The exponent is tunable — `2` is the default (quadratic ease-out). Higher values (e.g., `3`) produce even more front-loading.

### Usage

- **Editor single-node runs:** Modified flow in `poll-job.ts`:
  1. Before polling loop starts (in the caller, e.g., `execute-node.ts`), call `getExecutionEstimate()` for the node's model/config and record `startTime = Date.now()`
  2. Pass `{ estimatedMs, startTime }` into `pollJobWithNodeUpdate()`
  3. On each poll tick, compute `calculateProgress(Date.now() - startTime, estimatedMs)` and set `currentJobProgress` to the result
  4. Keep `job.progress` as fallback — if the API returns a non-zero `job.progress`, use `Math.max(calculated, job.progress)` so real progress can overtake the estimate
  5. On completion, set `currentJobProgress` to 100
- **Presentation/app views:** Combined with multi-node logic (see section 3).
- Estimate is fetched once when a node starts executing and cached for the duration of that run.
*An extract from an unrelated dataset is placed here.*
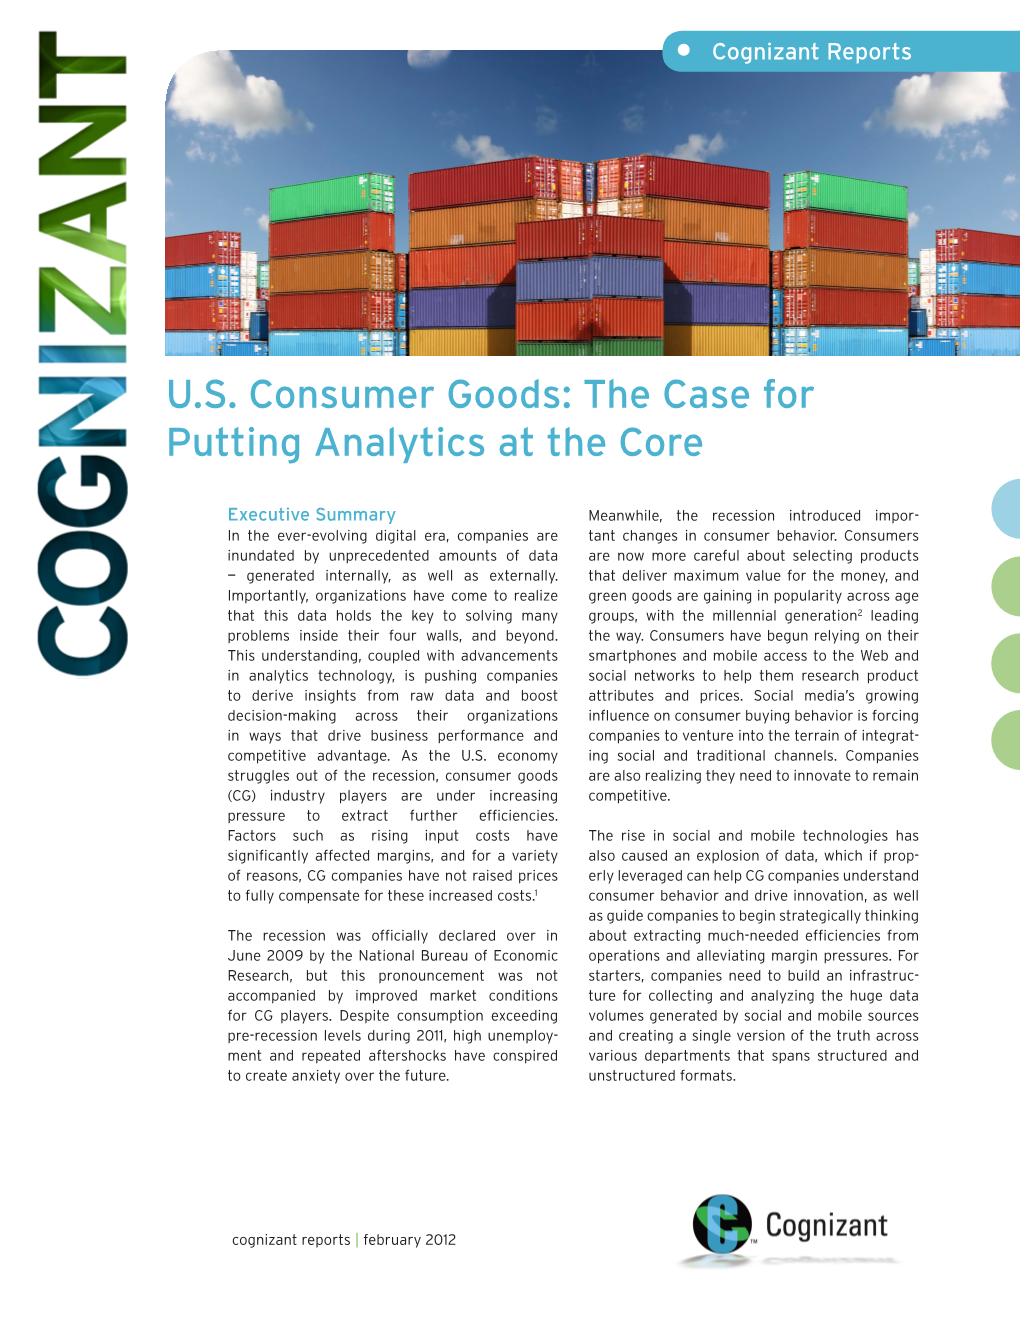 U.S. Consumer Goods: the Case for Putting Analytics at the Core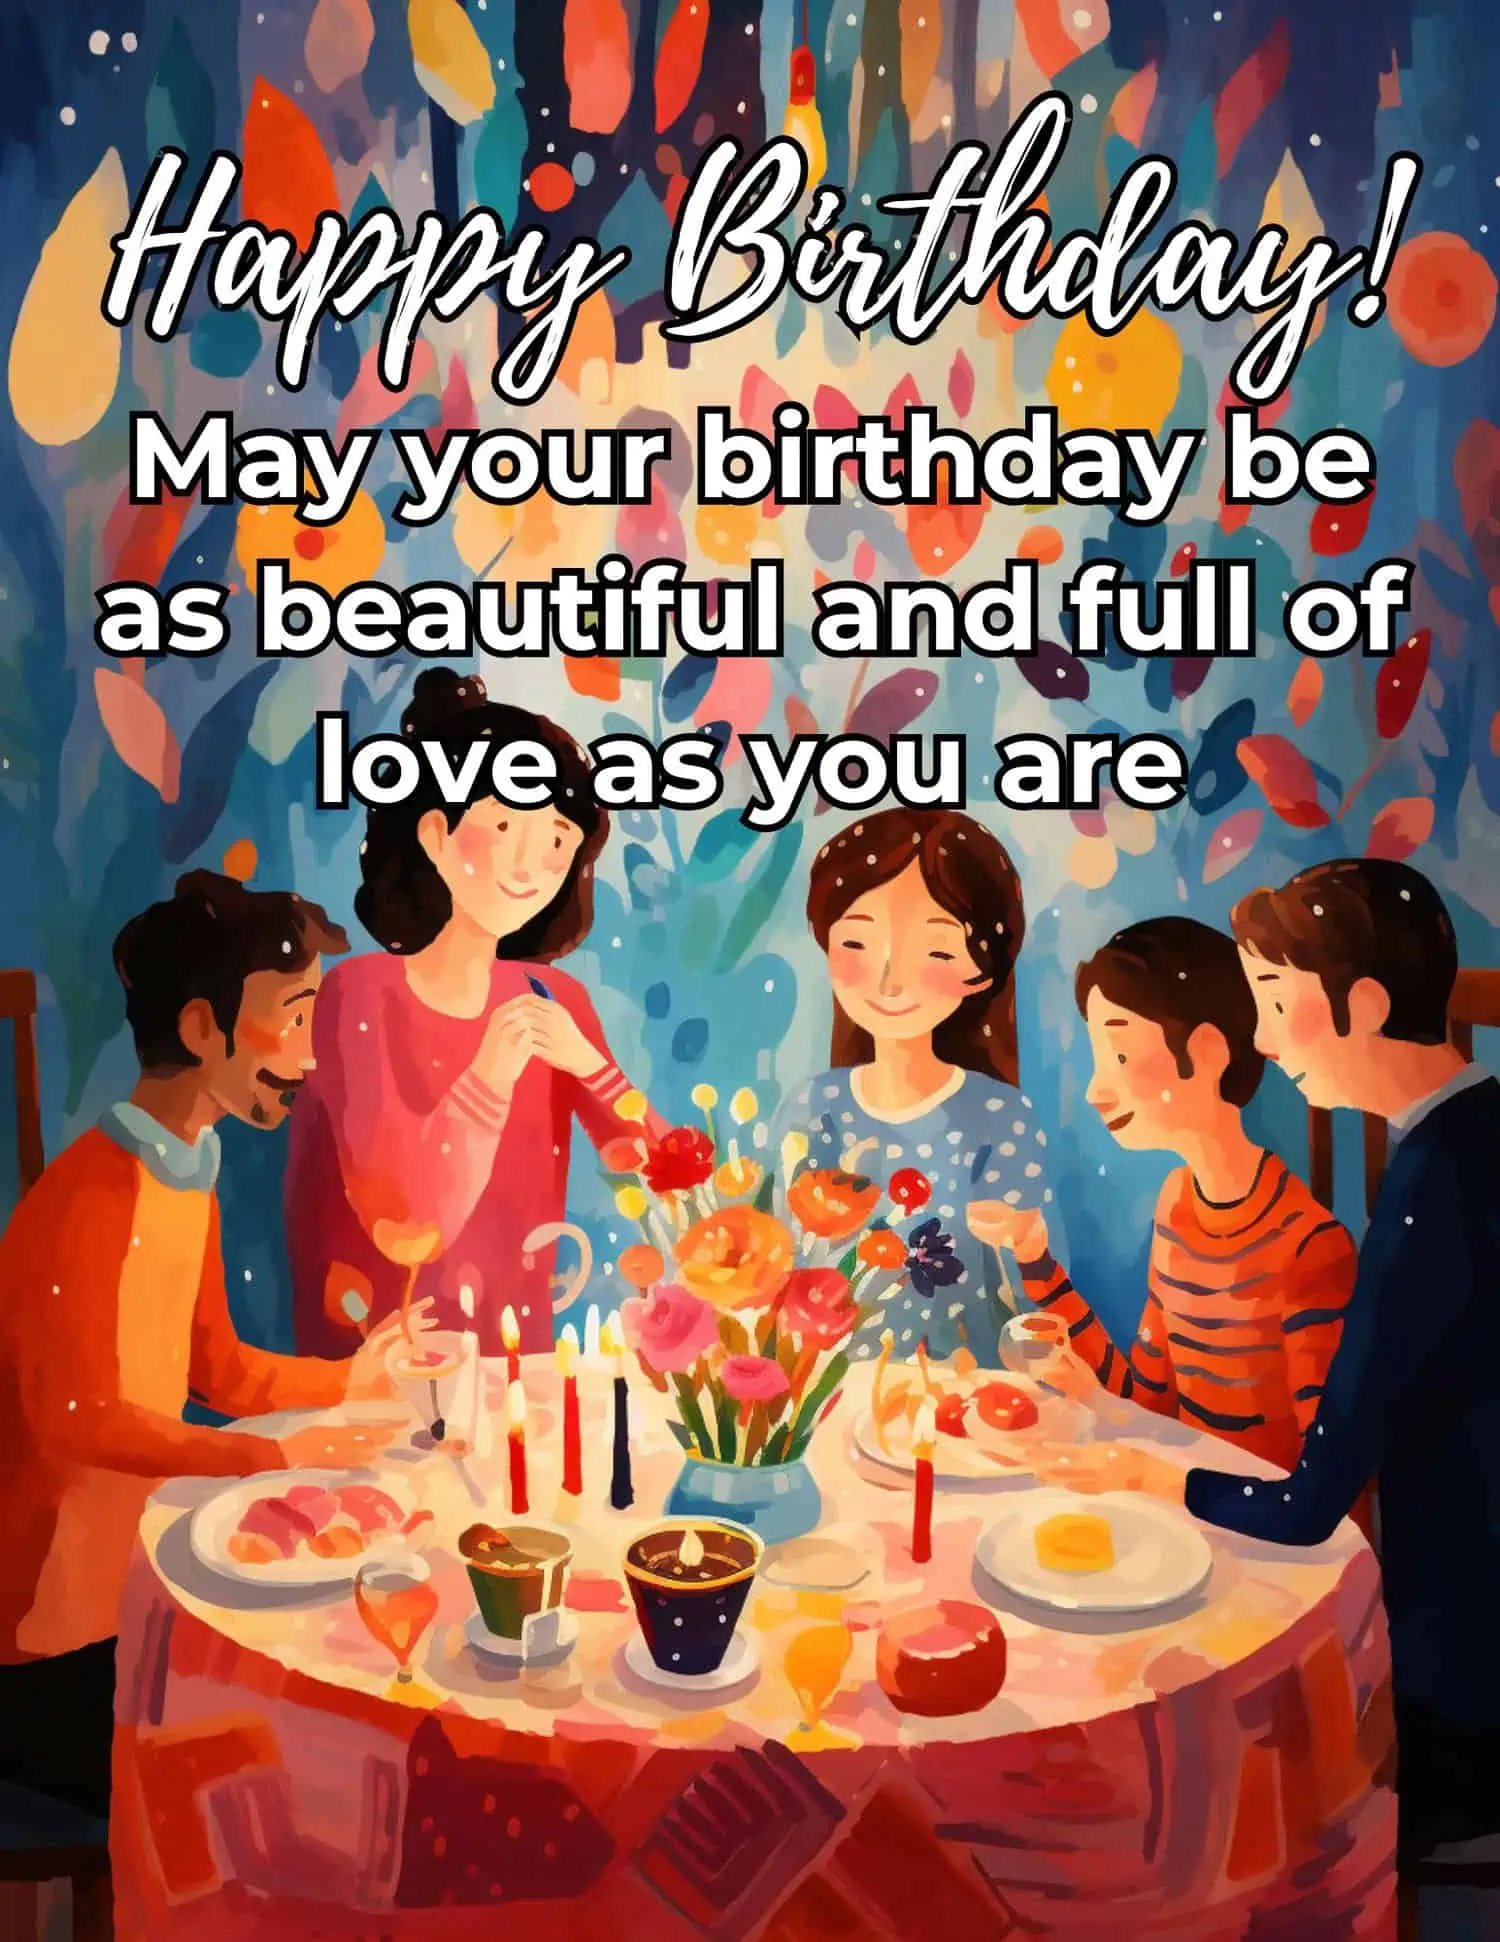 Express your deepest love and wishes with these heartfelt birthday prayers and blessings, perfect for celebrating the special day of your girlfriend or wife.

## 3. Multi-Node Combined Progress in Presentation/App View

### Problem

In presentation/app view, visible output nodes often depend on hidden upstream nodes. The user sees no activity until their visible node actually starts executing, which could be minutes into the workflow.

### Solution

Compute a weighted progress bar per visible output node that spans all its upstream dependencies.

### Flow Segment Computation

When execution starts, for each visible output node:

1. Walk backward through edges to collect all ancestor nodes up to (and including) the visible node
2. Order nodes topologically (execution order)
3. Fetch time estimates for all nodes in one batch call
4. Assign each node a proportional slice of 0–99% based on `nodeEstimate / totalEstimate`

**Example:**

```
node1(90s) → node2(180s) → node3(90s)
Only node3 is visible in app view.

Total estimated = 360s
node1 slice: 0% – 25%     (90/360 = 25%)
node2 slice: 25% – 75%    (180/360 = 50%)
node3 slice: 75% – 99%    (90/360 = 24%, stretches to 99%)
```

### Progress During Execution

Using the existing polling on `workflow_executions` (2s interval in app runner):

For each node in the segment:
- **Completed:** contribute its full slice width
- **Running:** apply `calculateProgress(elapsed, nodeEstimate)` and map the result to the node's slice range
- **Pending:** contribute 0

**Example calculation:**

node1 completed, node2 is 60% through its 180s estimate:
- node1: full 25 points
- node2: `calculateProgress(108000, 180000)` ≈ 91% of its 50-point range → 45.5 points
- Total: 25 + 45.5 = **70.5%** shown on node3's progress bar

### Edge Cases

- **Branching/merging paths:** If a visible node has multiple upstream paths, take all unique ancestors. For parallel branches, the slowest branch determines when the next sequential node starts — use `max(branch estimates)` for the parallel section.
- **Already-running execution:** If user opens presentation view mid-execution, compute segments and backfill progress from current `node_states` (which have `startedAt`/`completedAt` timestamps).
- **Visible node with no upstream:** Just shows its own progress bar (no combining needed).
- **Multiple visible output nodes sharing upstream:** Each gets its own independent combined bar. The shared upstream nodes contribute to both.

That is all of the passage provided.